Pop in a .357 sig barrel and use cor bon DPX 125 gr. rounds.


----------



## 1022

No 40 for deer.  357 sig or 10mm.


----------



## Monty4x4

I was a G23 owner for years and now have a M&P Shield 40 that I carry in the woods and I would not hesitate to shoot a hog with either IF I could get a fair and close enough shot for my comfort level.  I am not sure I would shoot a deer with one.  That may seem backwards since hogs are so tough, but I seem to respect deer more for some reason.  Still, if I wasnt sure of my shot I wouldnt shoot a hog either though.  All of this of course takes me back to your question.  I just got some Hornady Critical Duty (not Defense) and this is the round I would use.  It is fast and will penetrate deep with proper shot placement.  When I was younger I shot a hog that we were going to slaughter right between the eyes from close range with a 40 and the thing just stared at me.  Someone else then promptly used a FMJ 9mm to the top of his head.  The problem, I shot a quick expanding hollow point and I think it split and broke apart on the surface of the skull.  

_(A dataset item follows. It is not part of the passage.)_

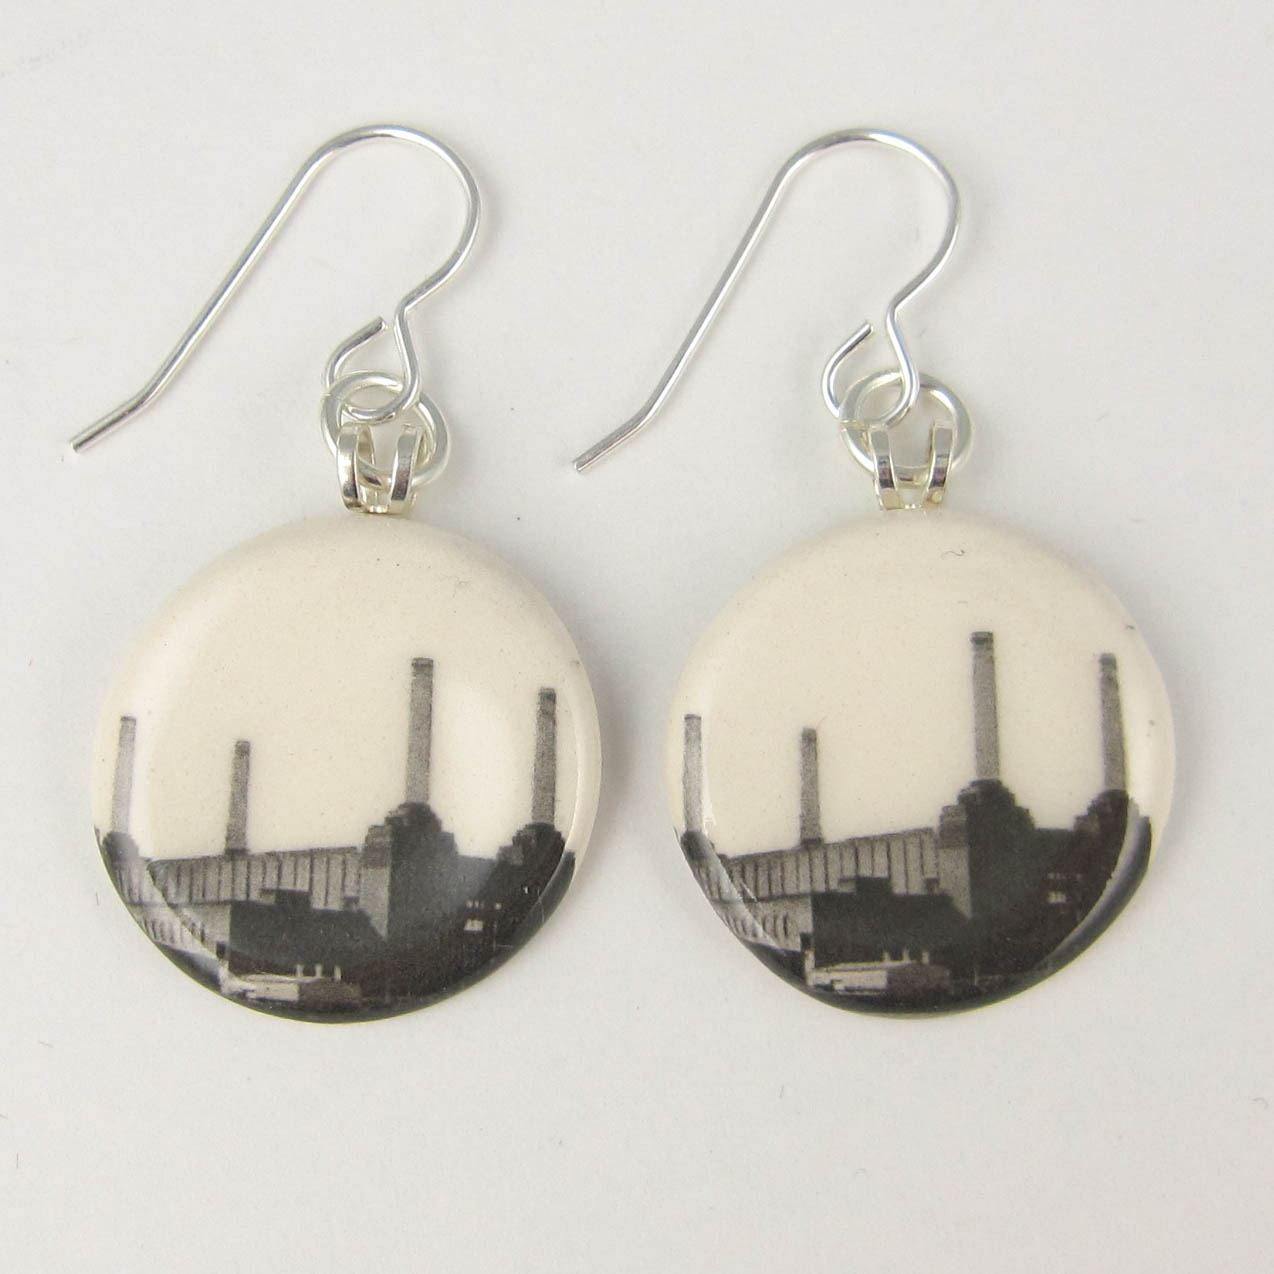 View London Battersea Power Station earrings
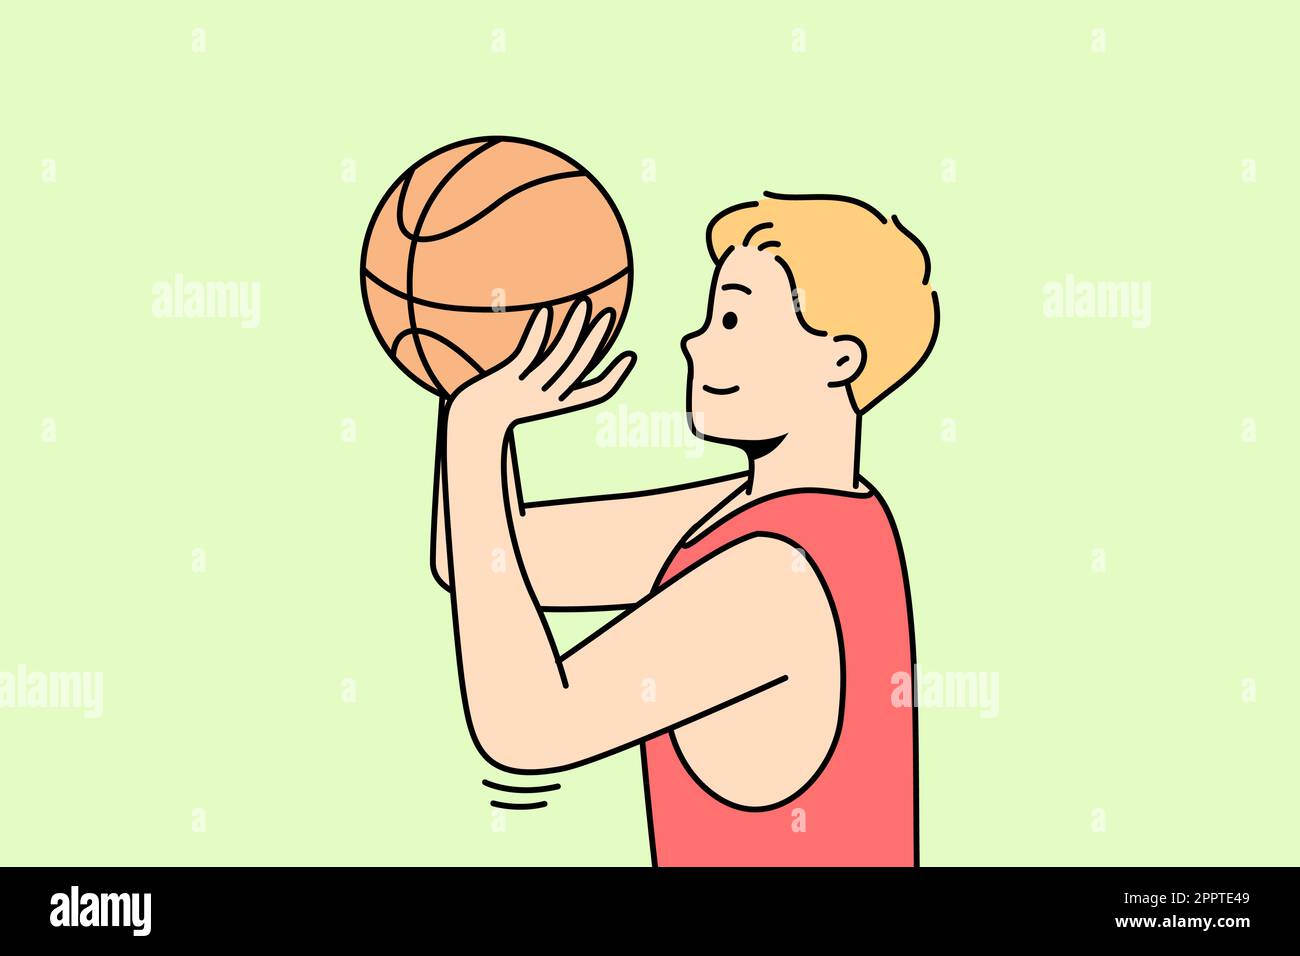 Sportsman throws ball into hoop or through net. Stock Vector

Again, I would only shoot at either with a clean and good shot, and would def only do so with the proper round.  I would trust the Hornady Critical Duty, but have no real life exp with it yet.


----------



## huntone

*?Sorry !*

The 40 will do it, but you can not use the same bullet you would use for protection against a HUMAN! Solid bullet, no hollow points!


----------



## sowega hunter

huntone said:


> The 40 will do it, but you can not use the same bullet you would use for protection against a HUMAN! Solid bullet, no hollow points!



I agree with this. The hollow point will not penetrate very much at all.


----------



## one hogman

You don't mean a FMJ solid I hope that is not legal for one and will just punch a hole thru them, very little tissue damage, I have killed a couple of smaller pigs with my G22 .40 using a good hollowpoint I would not hesitate to take a deer with in reasonable range making a Lung or heart shot.I would stick to the 180 grain JHP of good construction.


----------



## Tomahawk1088

I've read that the Hornady XTP from the custom handgun line is good for hunting. It's not designed for shooting people. I assume the personal defense ammo is designed to work inside the FBI ammo recommendations which would try to limit overpenetration.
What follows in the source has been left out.